Anonymous Anonymous said...

Just read about your case on the Guardian website. Absolutely incomprehensible that Waterstones think this is a sackable offence; sillier still that like you said no-one took you aside and had a quiet word, if they felt it was a problem.

Hmm, what's more damaging to the reputation of Waterstones? Your occasional work-related comments or their (over) reaction to them?

Best of luck with it all anyways, I hope it all reaches the right conclusion!

10:30 PM  
Blogger gemmak said...

Good luck...I await the outcome with much interest. It would be nice to think that Waterstones would take the reasonable and common sense route but let's not hold our breath eh? This is after all corporate stupidity at it's best from the outset.

10:34 PM  
Blogger She Weevil said...

Joe

I hope that whatever you want the outcome to be will come to pass. It's difficult to go back to situations but I hope, if that's what you want, that that is what happens.

10:41 PM  
Blogger 1031 said...

I think we're all anxious to hear the outcome of this, though, of course, none more than you, Joe. I hope it all turns out well and that when all is said and done, the company issues a very public apology to you for their insane overreaction.

4:38 AM  
Anonymous Anonymous said...

Good luck Joe.

I'm slightly surprised at your case as summarised, since I'd have thought this was mainly about employment rights rather than free speech.

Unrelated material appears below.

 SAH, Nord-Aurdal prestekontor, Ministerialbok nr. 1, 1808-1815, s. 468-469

You might reasonably expect not to be dismissed for criticism of your employers where

a) you apologised and offered to retract

b) the criticism was gentle and clearly 'letting off steam' rather than a systematic defamation

c) they knew about it years ago and didn't act

d) no evidence that it brought them as an employer or trader into disrepute.

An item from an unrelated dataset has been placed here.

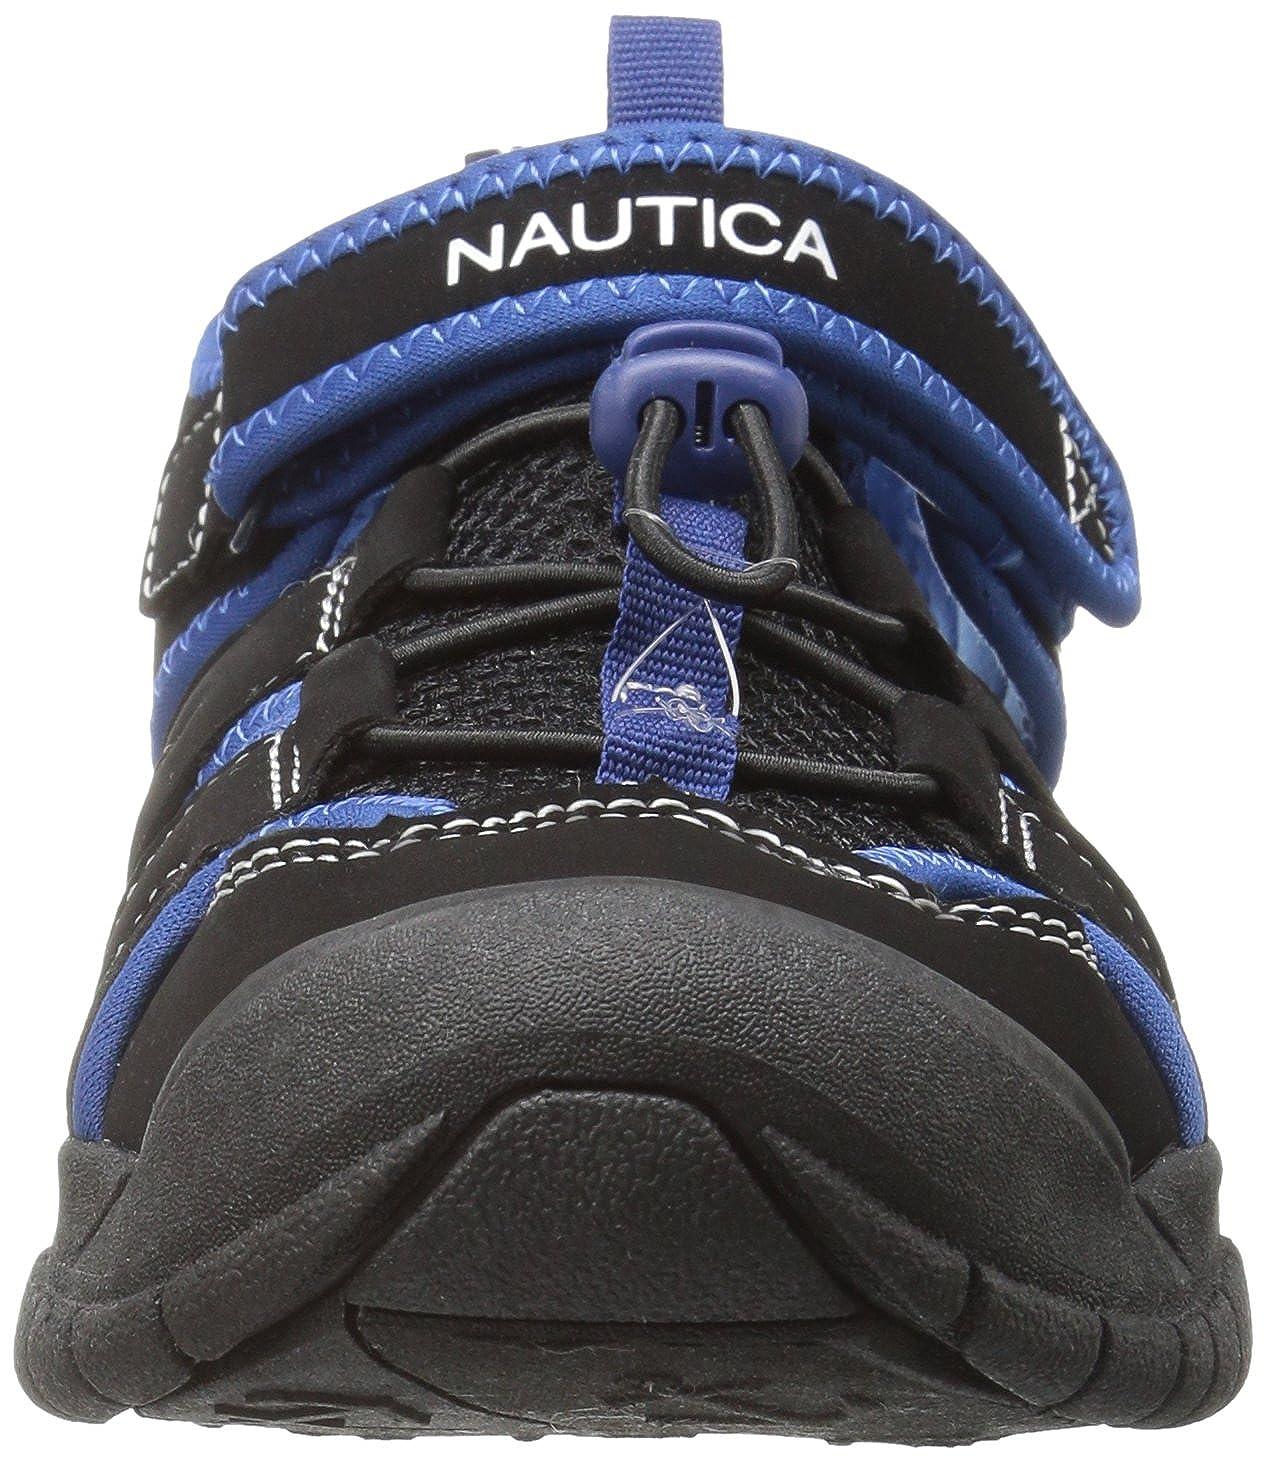 K Nautica Kids Wallport Slip-on Wallport

On the other hand, it doesn't matter qualitatively if your blog had a real audience of 20- the nature of the medium makes it almost unlimited, surely?


Bill McComish
w_mccomish@yahoo.com

9:33 AM  
Blogger pogo said...

Fingers crossed for you, I'm still boycotting WS and HMV for what that's worth :-)

11:38 AM  
Anonymous Anonymous said...

I just can't believe that they'll continue being such idiots. All Waterstones have done for themselves is guarantee that they'll be boycotted by lots of people (I've been a Waterstones fan since they opened in Dublin many years ago because they let you *browse* even if you were only 14, and they were unbelievably nice and kind to me when I had a gusher of a nosebleed in the middle of the shop when I was 20) and destroyed much of their reputation.

Very glad to see Banks has come out in favour of you - surely they'll pay at least minimal attention to the most famous living Scottish author?

Good luck, and fingers crossed for you,

Jenny-in-London

10:02 PM  
Blogger Pandora said...

Hey Joe - I picked up on your story in People Management magazine. Sadly they follow the little news article about you with a feature on how companies can legally fire people for blogging later in the magazine. The lengths companies go to to dehumanise their employees distresses me.

On the plus side, without all of this I might never have found your wonderful blog! Keep it up, you're a fabulous read.

(Links to people management articles and more ranting at http://pandoras-blog.blog-city.com/read/1039945.htm)

12:10 PM  
Anonymous Anonymous said...

FWIW, Joe, your situation has inspired a good many of us at non-union branches to consider joining a union.